ACTION ITEM:
Omit every picture, then return the listing verbatim.

DATA SECTION:
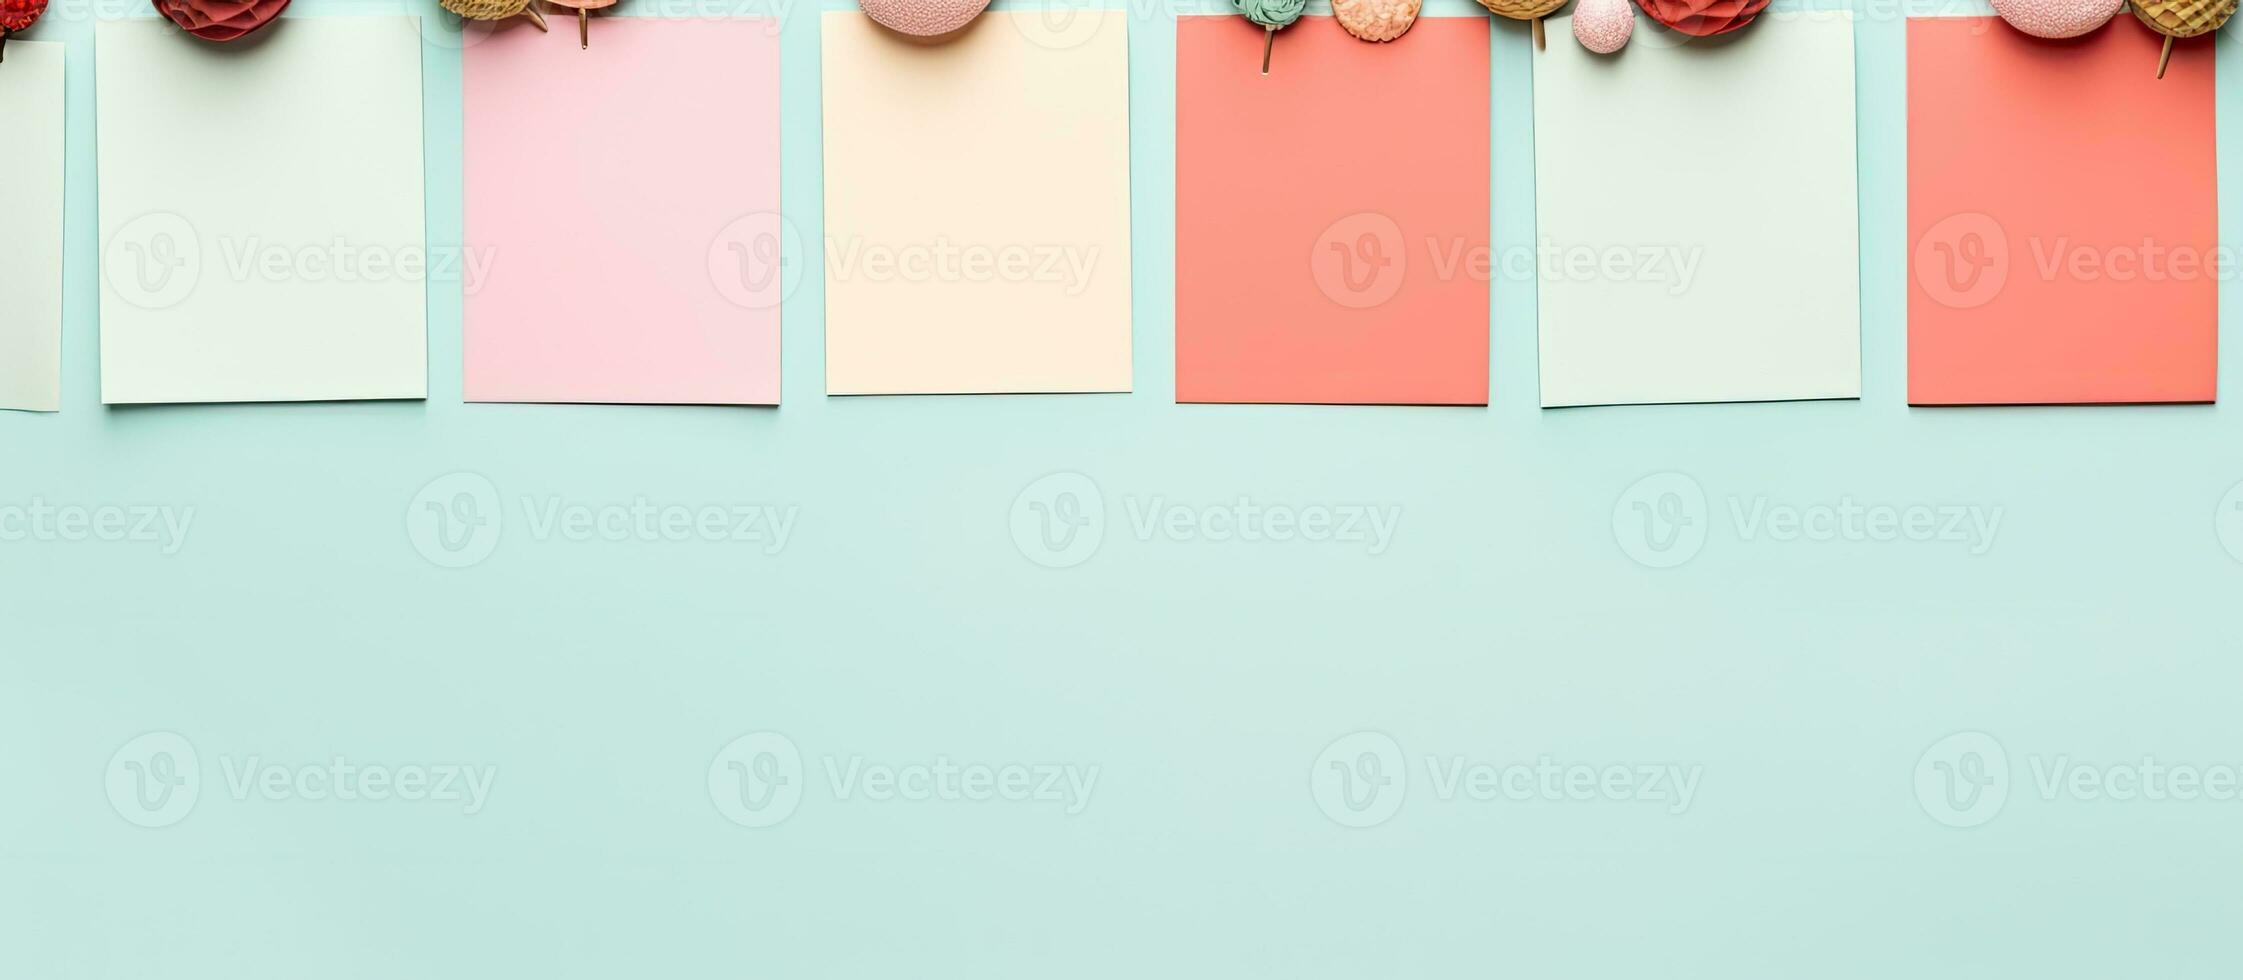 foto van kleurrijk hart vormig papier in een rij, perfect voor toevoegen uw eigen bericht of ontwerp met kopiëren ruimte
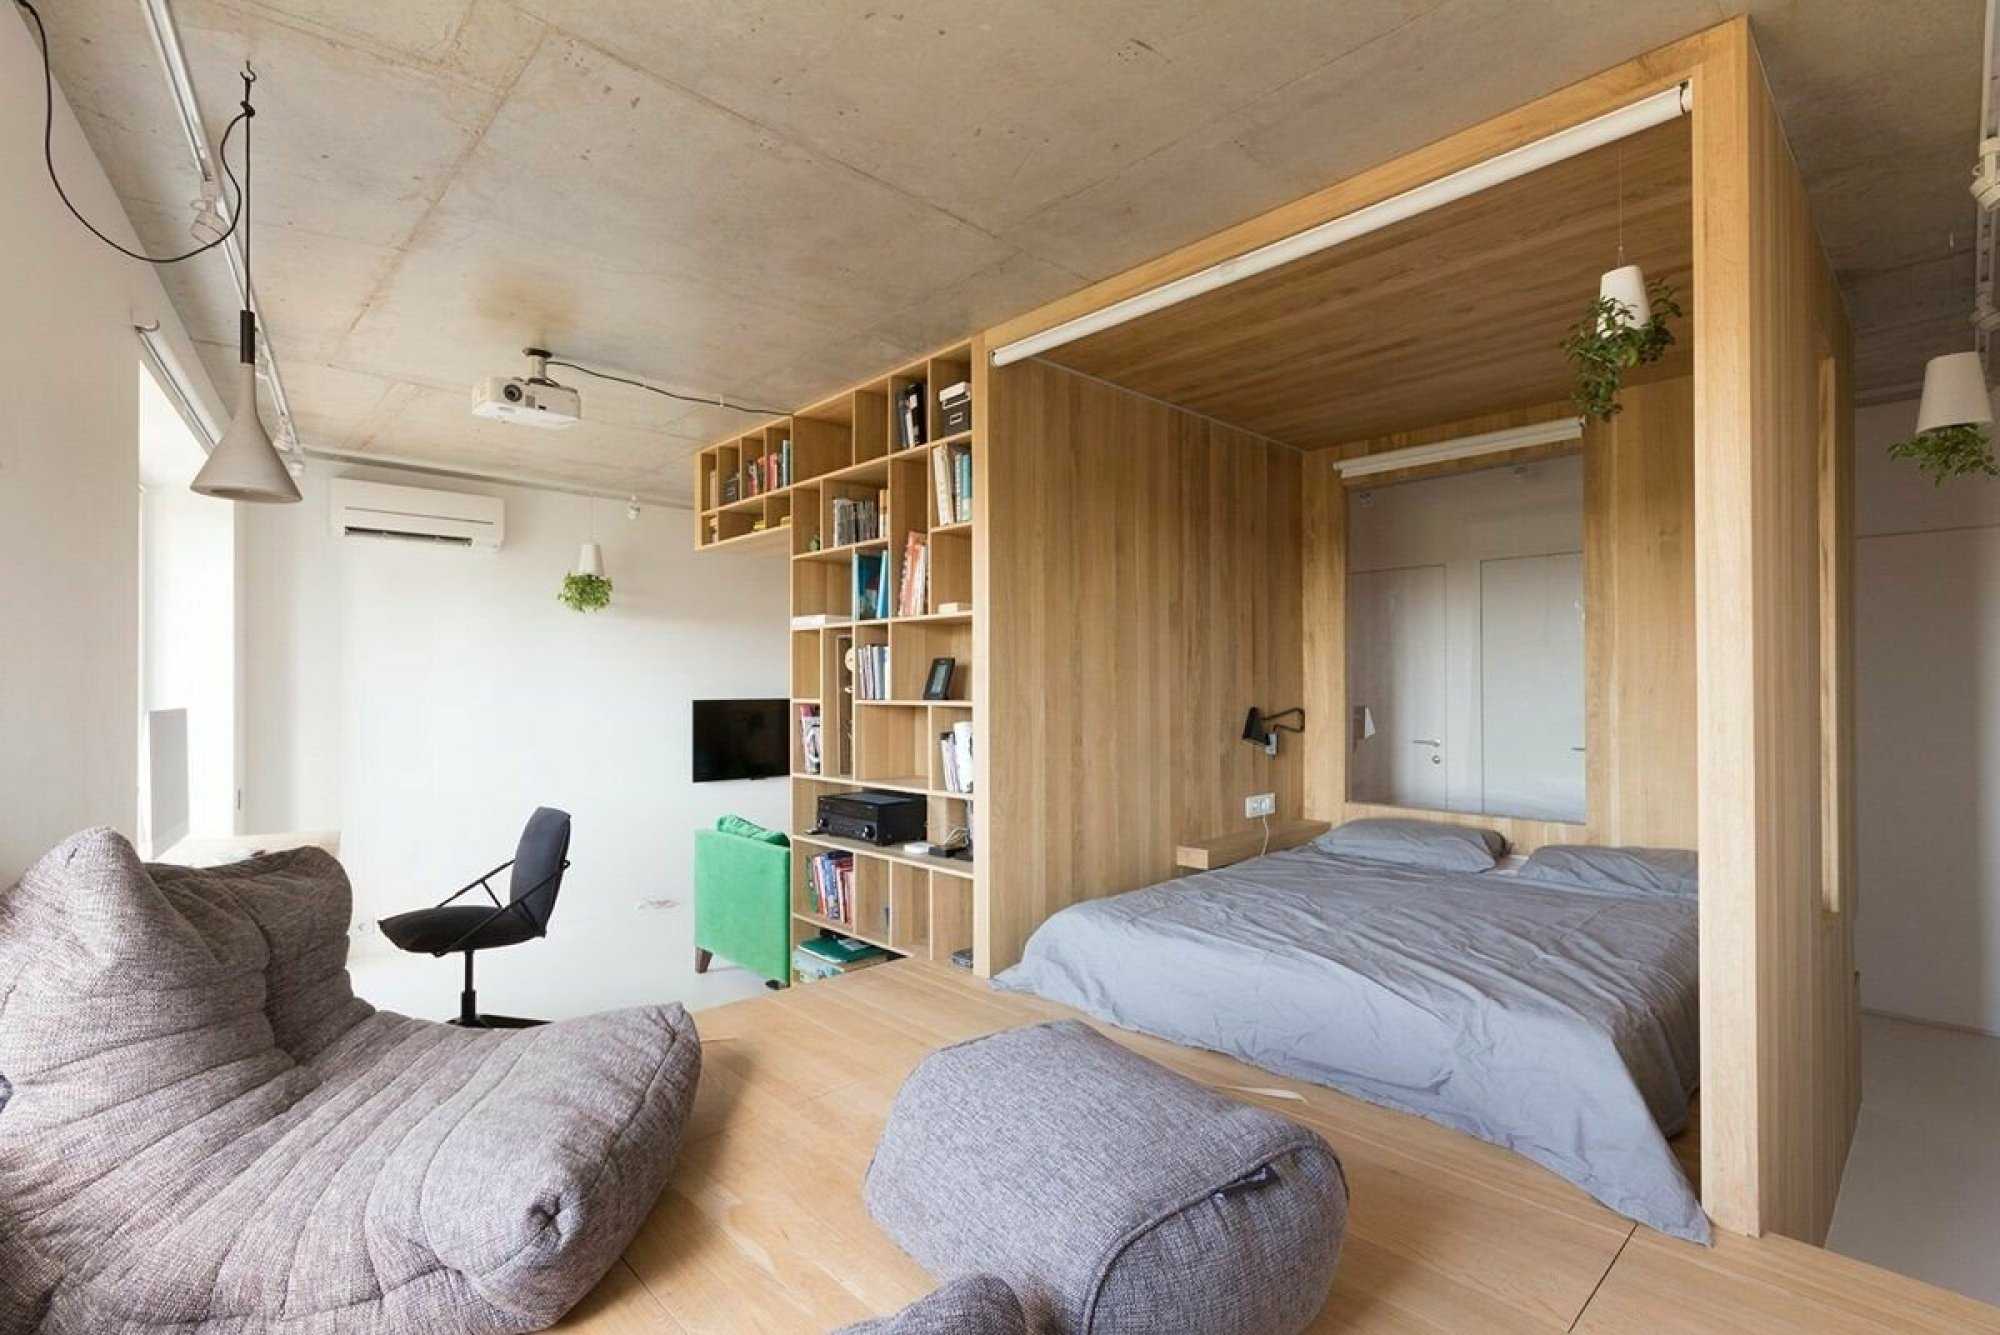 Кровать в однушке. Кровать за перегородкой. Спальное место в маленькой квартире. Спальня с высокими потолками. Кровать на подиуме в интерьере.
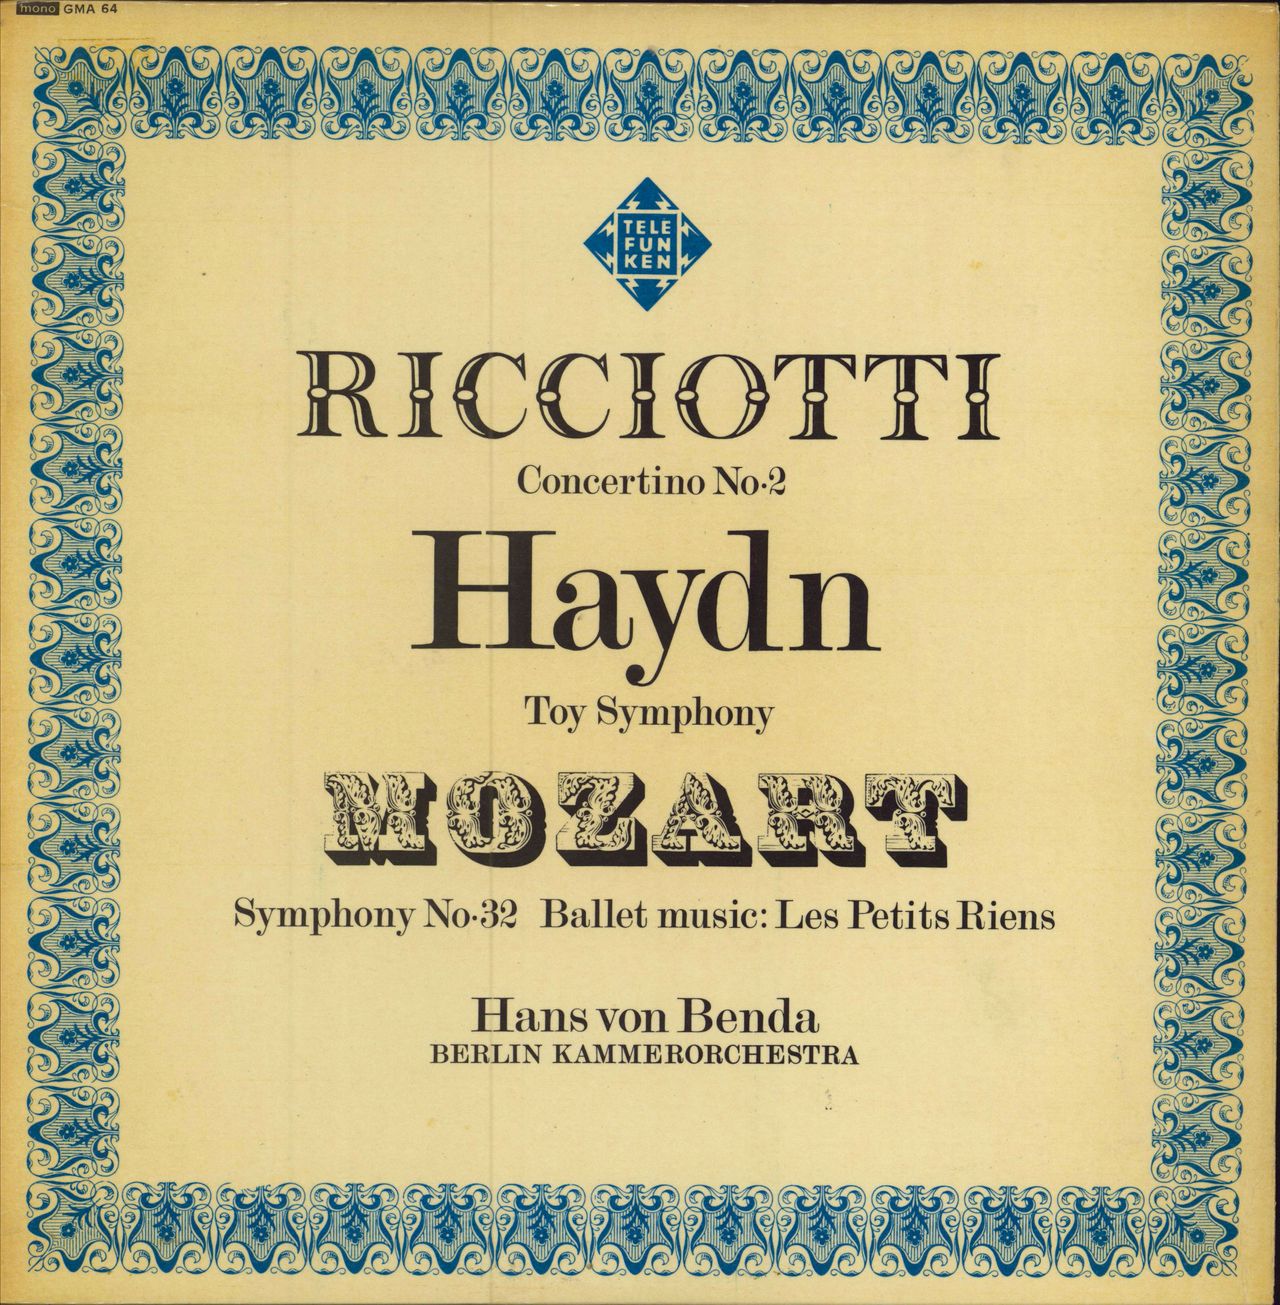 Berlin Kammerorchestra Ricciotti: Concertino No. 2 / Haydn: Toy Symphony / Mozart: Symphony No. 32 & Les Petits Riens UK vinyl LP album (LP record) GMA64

FINISHED EXERCISE:
 foto van kleurrijk hart vormig papier in een rij, perfect voor toevoegen uw eigen bericht of ontwerp met kopiëren ruimte
 Кровать в однушке. Кровать за перегородкой. Спальное место в маленькой квартире. Спальня с высокими потолками. Кровать на подиуме в интерьере.
 Berlin Kammerorchestra Ricciotti: Concertino No. 2 / Haydn: Toy Symphony / Mozart: Symphony No. 32 & Les Petits Riens UK vinyl LP album (LP record) GMA64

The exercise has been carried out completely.